# My Band's First Show this Saturday in Toronto!



## theroan (Oct 7, 2008)

Hey guys, I thought I'd put this out there. We're playing our first show this Saturday, if you're metal fan you should come out!
Feb. 20 at The Hard Luck Bar. 812 Dundas W

The bill is:

*Headliner - Destain (www.myspace.com/destain)
*My band - I, Deceiver (www.myspace.com/ideceiverband)
The Woods Are Burning (www.myspace.com/thewoodsareburning)
It Came From the Sky (www.myspace.com/itcamefromtheskytoronto)
Atram (www.myspace.com/atramband)
Touched by Disaster (www.myspace.com/touchedbydisaster)

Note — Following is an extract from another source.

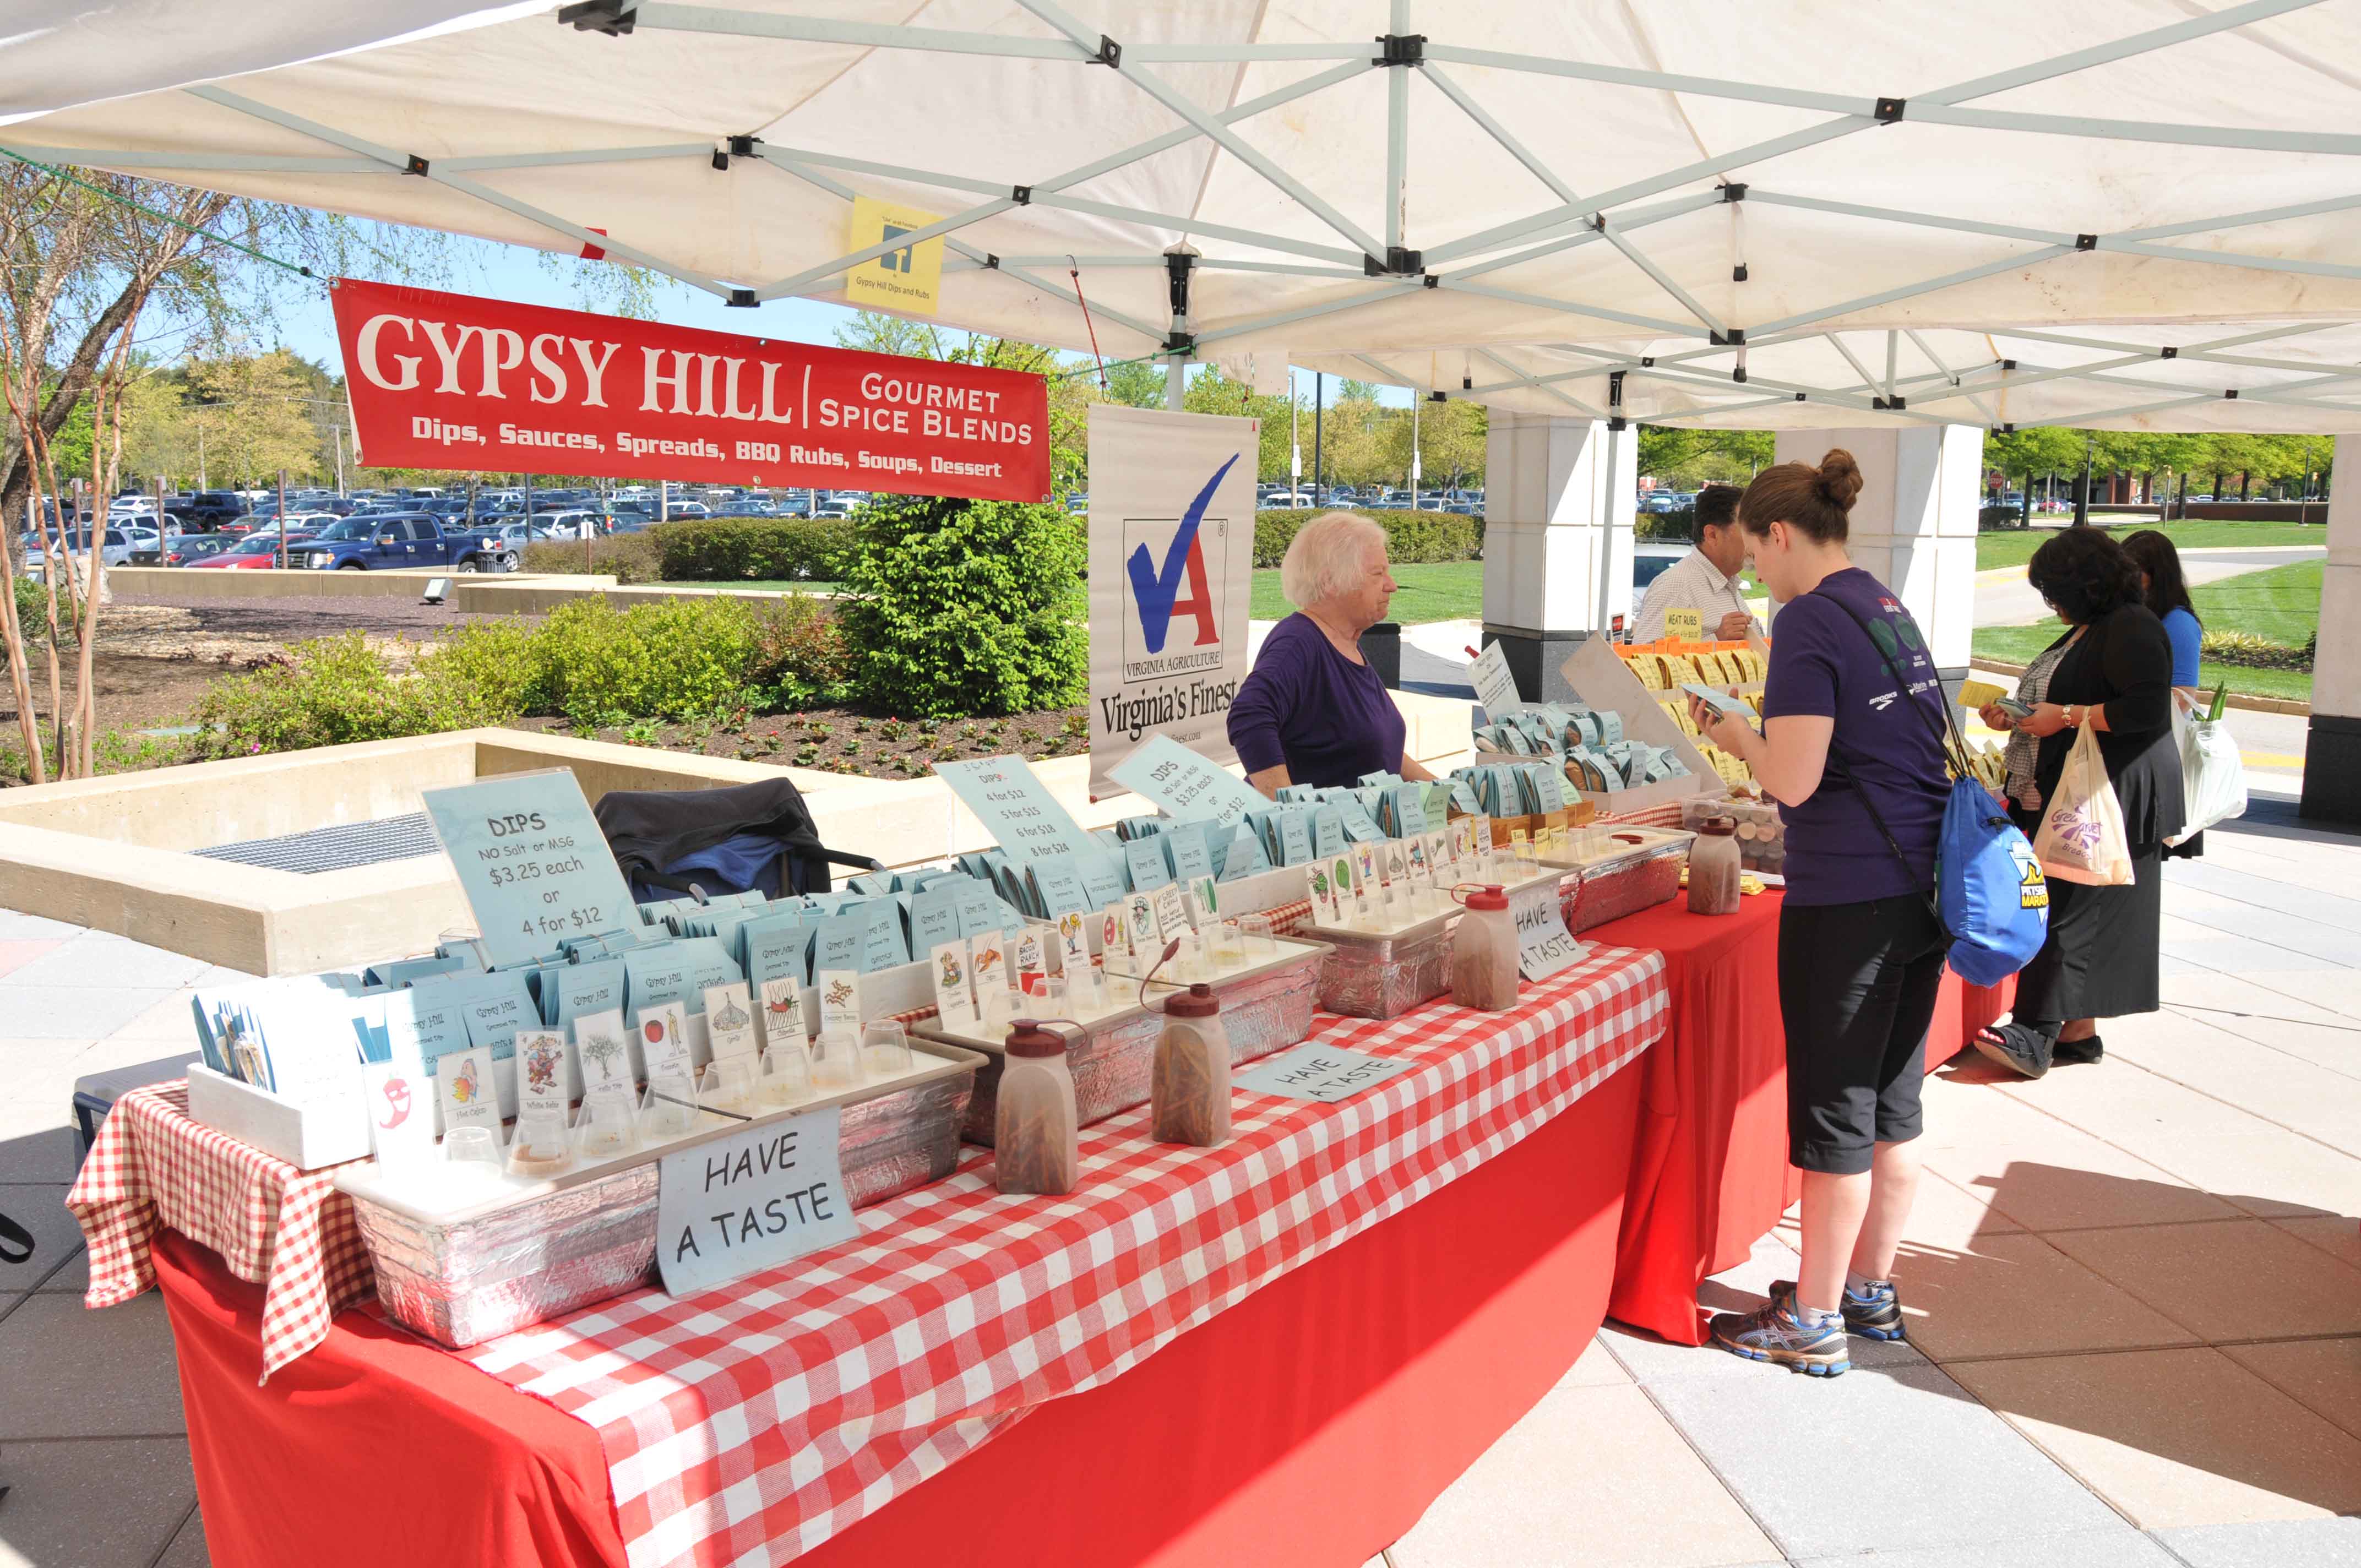 Beneath a white canopy tent is a red checkered table lined with different types of dips and rubs.  There is a red sign above the table, labeled “Gypsy Hill
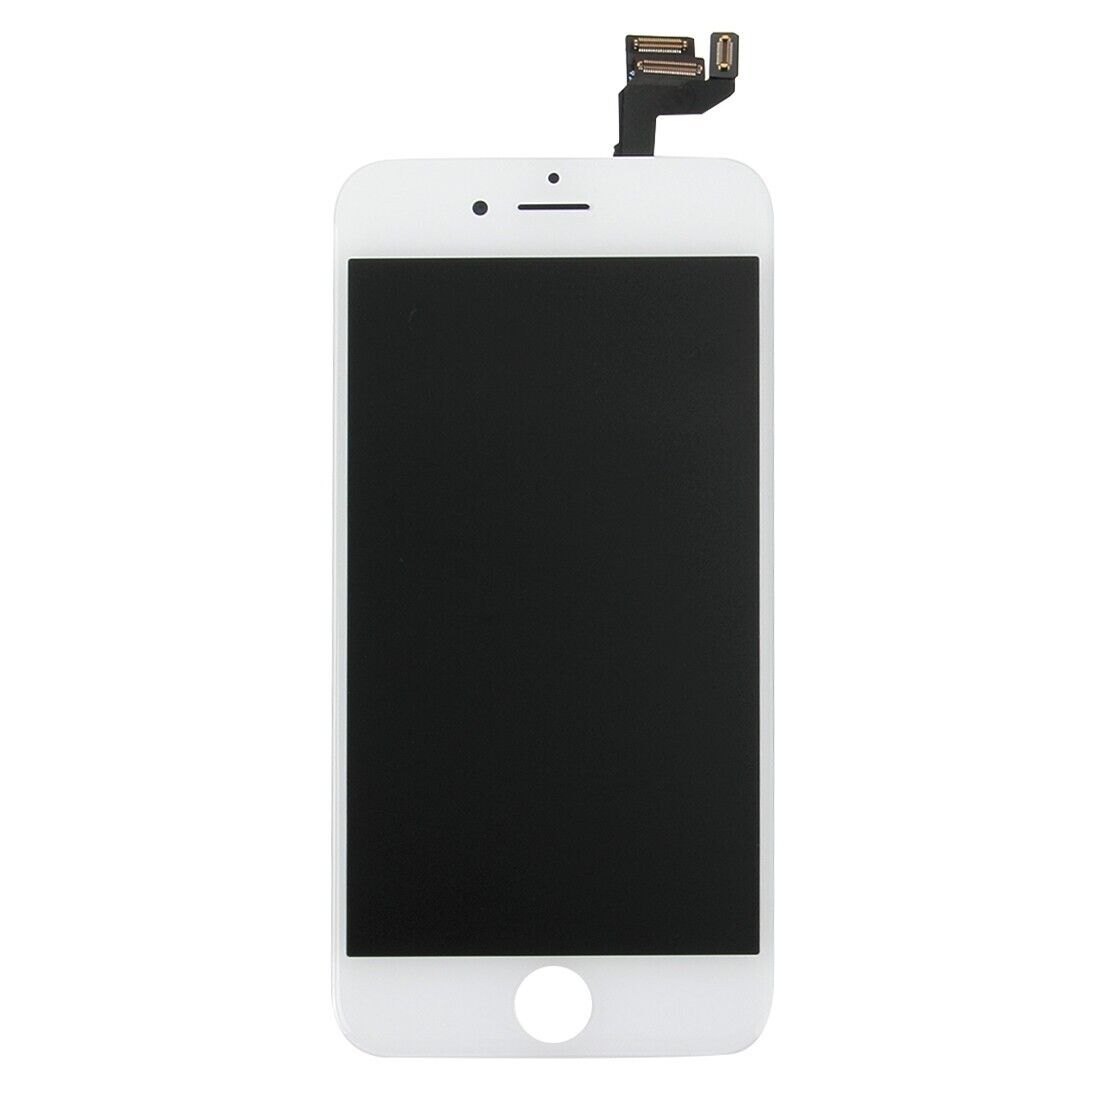 Digitizer Assembly (Front Camera + Original LCD + Frame + Touch Panel) for iPhone 6s(White)

We're on facebook, twitter and myspace if you want a cheaper advanced ticket.


----------



## OldSoulBluesMan (Jul 9, 2009)

ROCK THE HOUSE!!!!!!!!!!!

and good luck.


----------



## Bevo (Nov 24, 2006)

How did it go?

Just checked out your myspace and it sounds amazing!
Hope, it was A good show..


----------



## theroan (Oct 7, 2008)

It went really well. People came to see us who we didn't even know! The pit was going, we sounded tight. It was a great time. Stoked for the next time for sure.


----------